The approach is aimed at both international and domestic jurisdictions.

This is not necessarily a new direction. For instance, the much-heralded US Hong Kong Human Rights and Democracy Act, which finally passed the US Congress in November 2019, had been a focal point for Hong Kong pro-democracy parties since the Umbrella Movement in 2014. Joshua Wong, one of the protest leaders, was heavily involved in the campaign to enact the bill and staked considerable political capital on its outcome throughout 2019.

The big question, of course, is will such strategies be successful in helping rescue and advance democracy in Hong Kong?

It’s hard to see that being the case. If 2019 proved anything, it is that international concern doesn’t always translate into positive action. While the world looked on in horror at events in Hong Kong, and as many leaders, celebrities and other higher-ups expressed support for the protesters, few really had the courage or ability to take on China on issues of democracy or human rights.

Marchers in Hong Kong demonstrated against the Chinese Communist Party and the Hong Kong administration on the 70th anniversary of the founding of the People’s Republic of China, 1 October 2019 (Etan Liam/Flickr)

Despite US bluster, US President Trump recently froze funding for a US government agency designed to help protect internet freedom worldwide. This is a significant blow to Hong Kong’s social media–reliant protests.

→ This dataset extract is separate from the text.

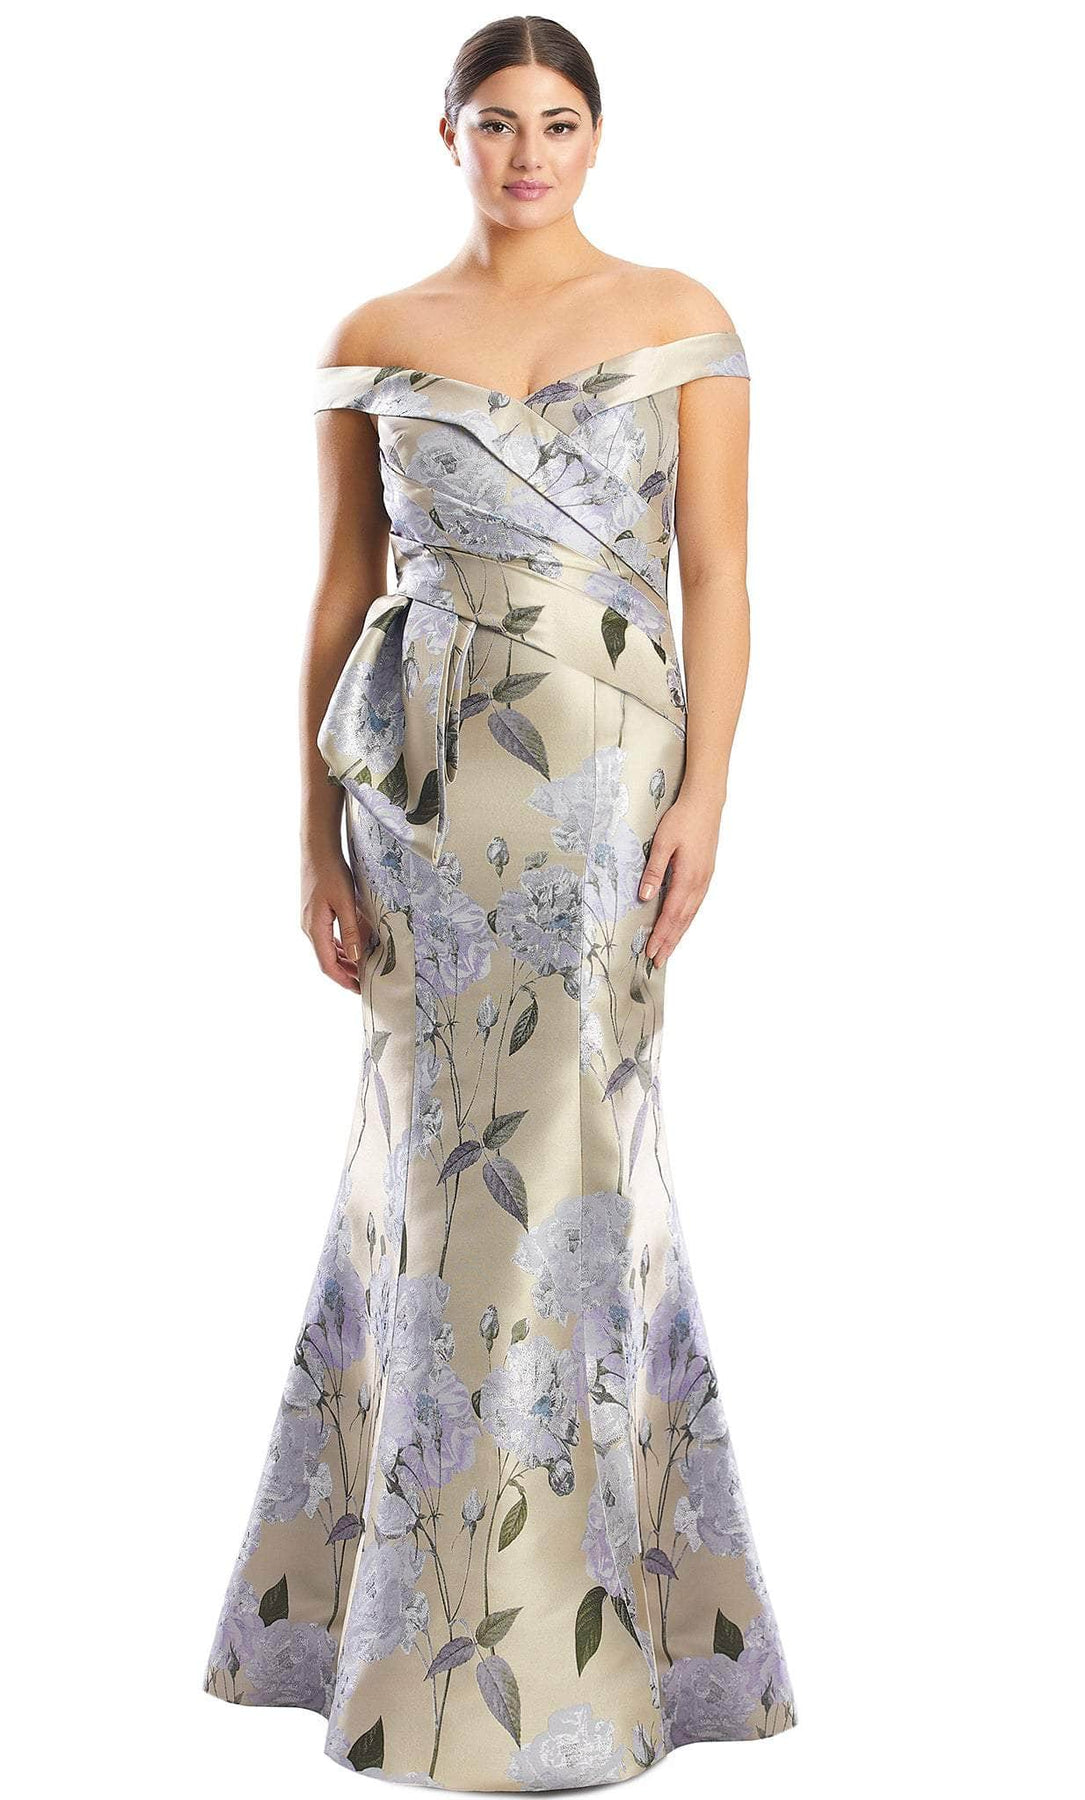 Alexander by Daymor 1767S23 - Off-Shoulder Floral Evening Dress Evening Dresses 00 / Taupe/Multi

Trump’s view on Hong Kong appears to be that it is just another moving part in the complex machinery of China-US relations.

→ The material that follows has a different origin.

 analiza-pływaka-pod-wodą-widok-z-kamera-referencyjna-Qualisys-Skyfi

While Australia has indeed frozen its extradition agreement with Hong Kong, and received much praise from the protest movement as a result, other links prevail, including the Mutual Legal Assistance on Criminal Matters Act (Hong Kong). This law obliges Australia to cooperate on legal matters, such as “identifying and locating persons” and “executing requests for search and seizure”.

Meanwhile, any success for pro-democracy parties in September will meet Beijing’s increased willingness to openly threaten Hong Kong’s sovereignty.

It’s difficult to see how even a major political victory, internationally or domestically, will gain the democracy movement anything beyond short-term traction. The movement looks to have been shoehorned into the confined corridors of political campaigning, a space that Beijing surely dominates.

However, an underground is building. Some protesters are developing a pro-independence line. Gathering around figures like Edward Leung, this movement represents a departure from the earlier protests, the mainstream of which generally sought reform within the Chinese system, not apart from it.

The presence of this possibly growing secessionist cohort – while so far a mostly amorphous and subterranean faction – suggests that while Beijing may have won for now, a longer struggle is still playing out.